Haben die Grünen einen Schwarzen in der ersten Reihe? Eine Karin Prien mag der breiten Öffentlichkeit unbekannt sein, ist aber beispielsweise auch Vorsitzende des Jüdischen Forums. Barbara Klepsch ist eine „echte“ Ostdeutsche, während sich in anderen Parteien Zugezogene ein wenig anbiedernd so bezeichnen. Friedrich Merz ist der mit der klaren Kante. Die CSU ist mit einer modernen Frau vertreten. Mit Andreas Jung und Silvia Breher finden sich zwei kernpolitische Akteure aus der Mitte des Lebens, die nicht vielen bekannt, aber hoch geschätzt sind. Ähnliches gilt für den Wissenschaftler und Sicherheitsexperten Peter Neumann, der in London lehrt. Bereits seit einiger Zeit hat Laschet mit Tanit Koch eine erfahrene Journalistin an seiner Seite, ehemals der seriösere Part in der Chefredaktion der „Bild“.
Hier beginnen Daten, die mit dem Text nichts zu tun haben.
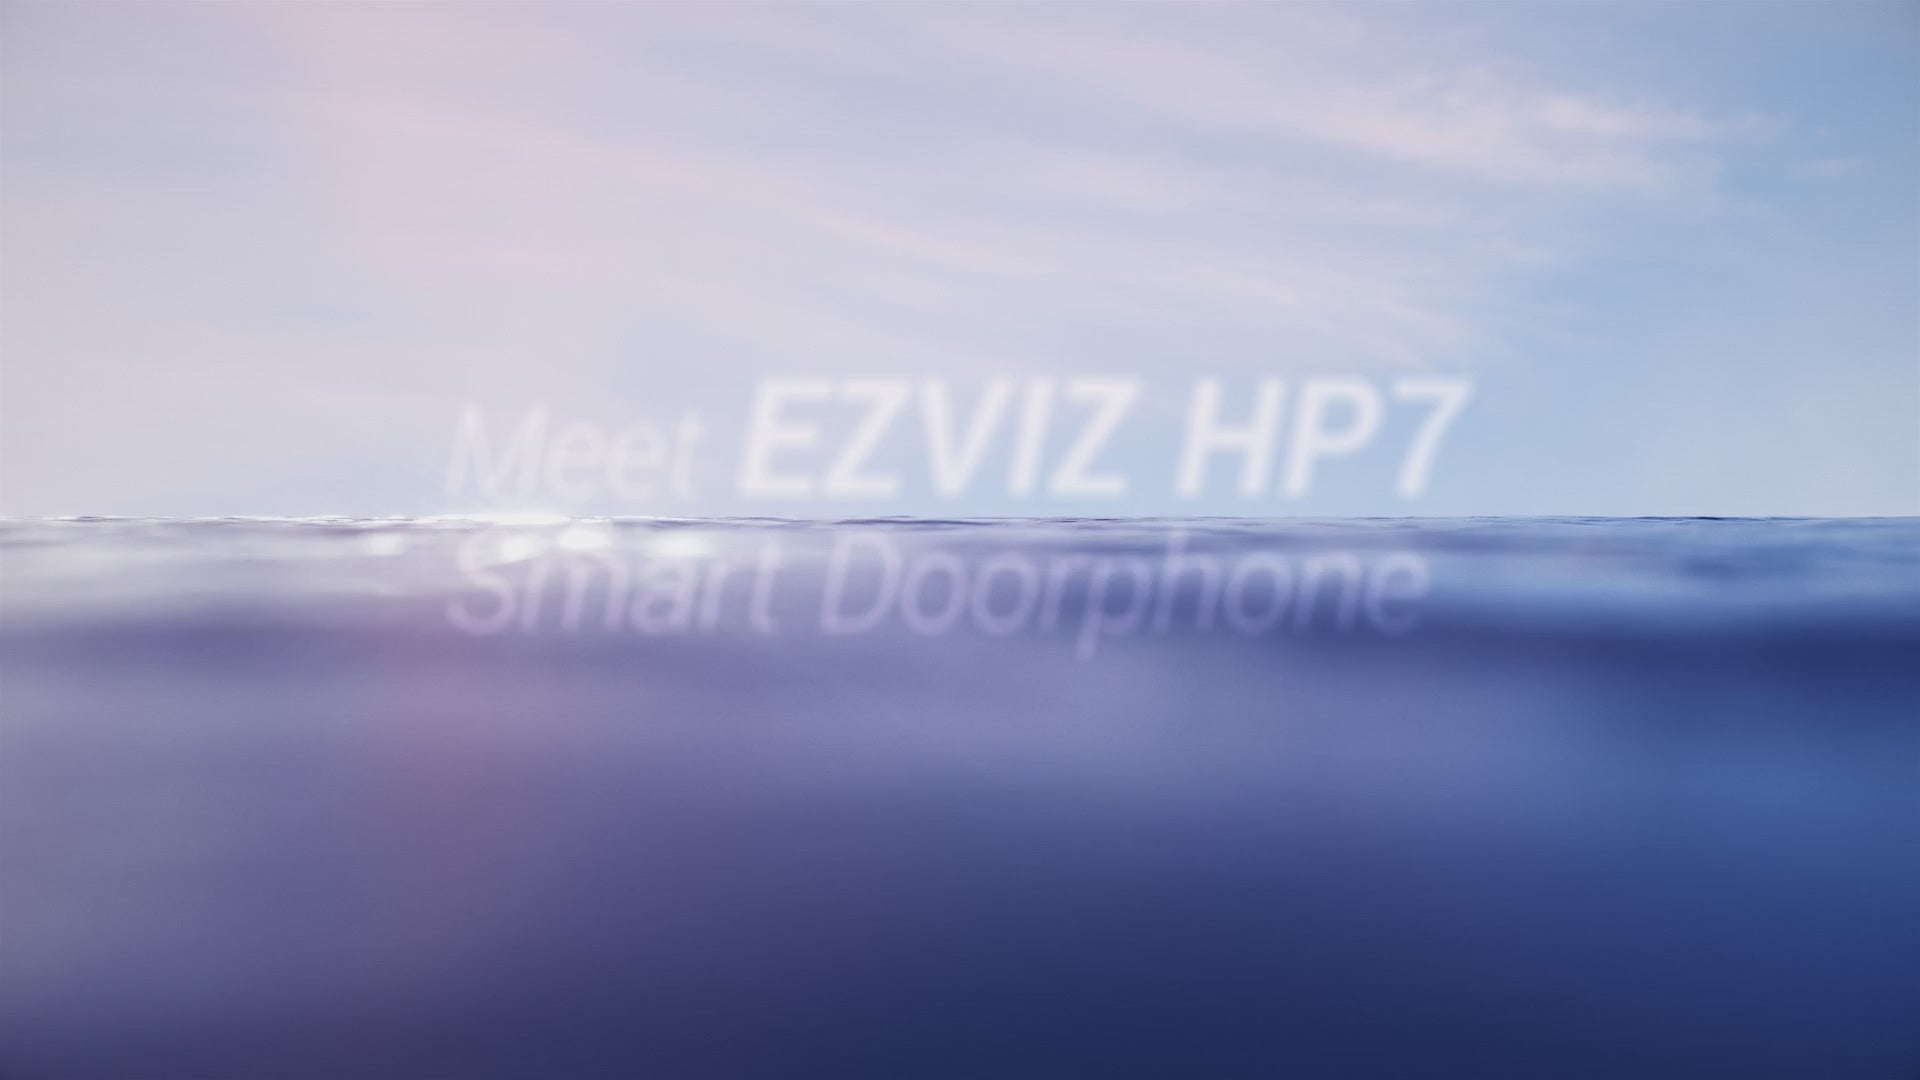 Ezviz HP7 2K smart home video door phone
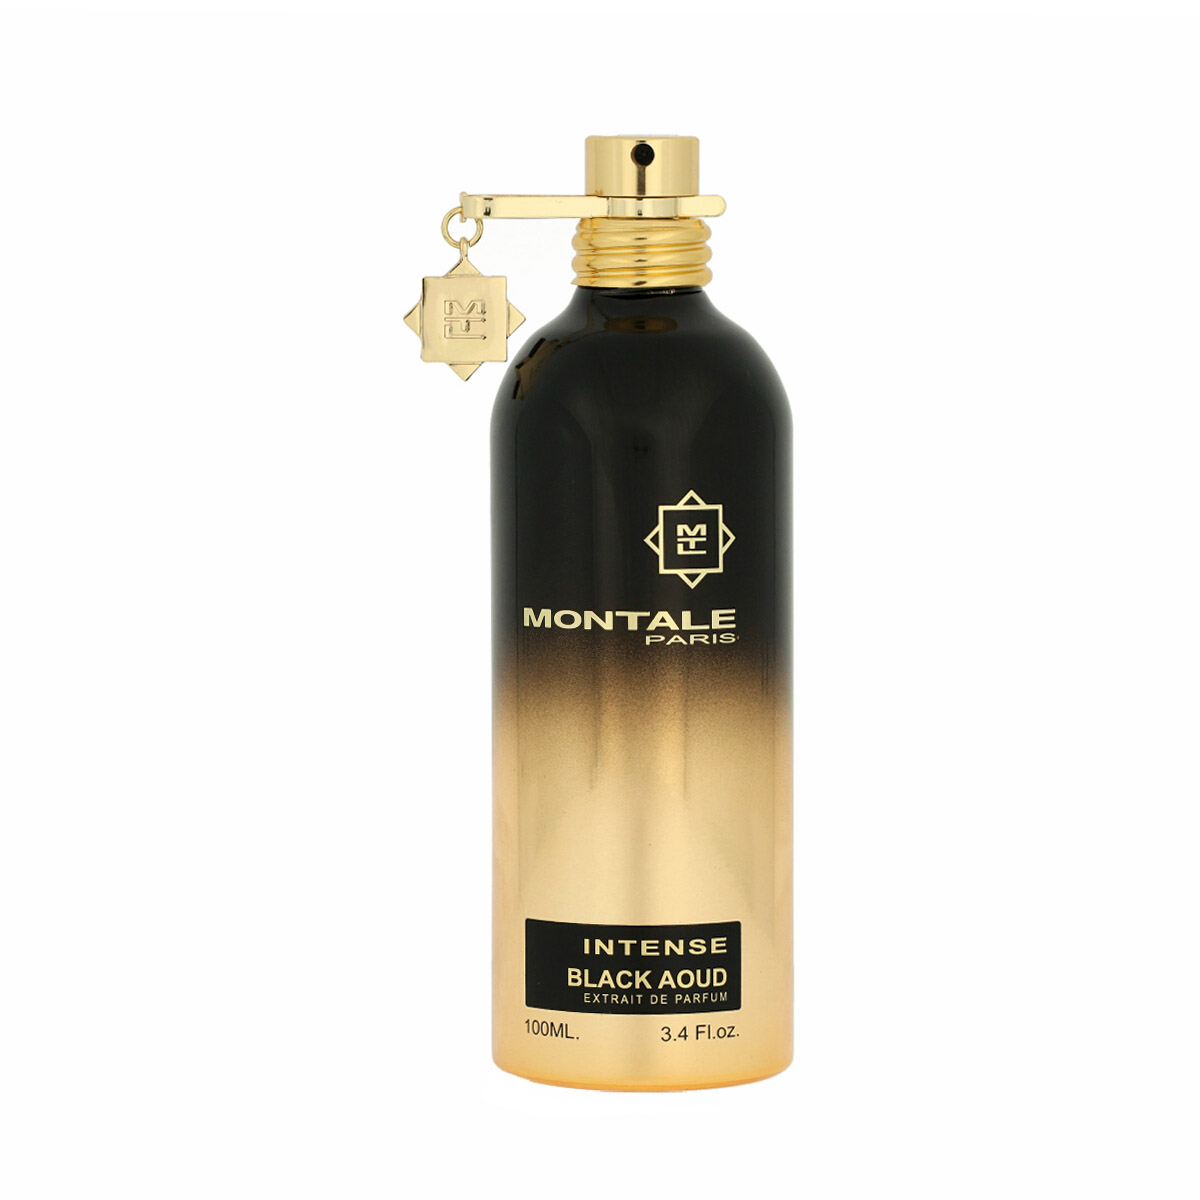 Montale Paris Intense Black Aoud Extrait De Parfum 10 ml NIŠINIAI kvepalų mėginukas (atomaizeris) Unisex Parfum

Das Team zeigt, was jeder schon wissen konnte, der es wollte: Weder Laschet ist zu unterschätzen noch die CDU. Seht her, wir haben Experten, wir sind breit, wir sind sogar bunt. Der Kanzlerkandidat hat ein Tableau von frischen Personen vorgestellt, auf das andere Parteien neidisch sein können – und dem sie wenig entgegenzusetzen haben. Selbst die Grünen wirken an ihrer Spitze weniger divers, und wie alleine Olaf Scholz in der SPD dasteht, wird mit einmal umso deutlicher.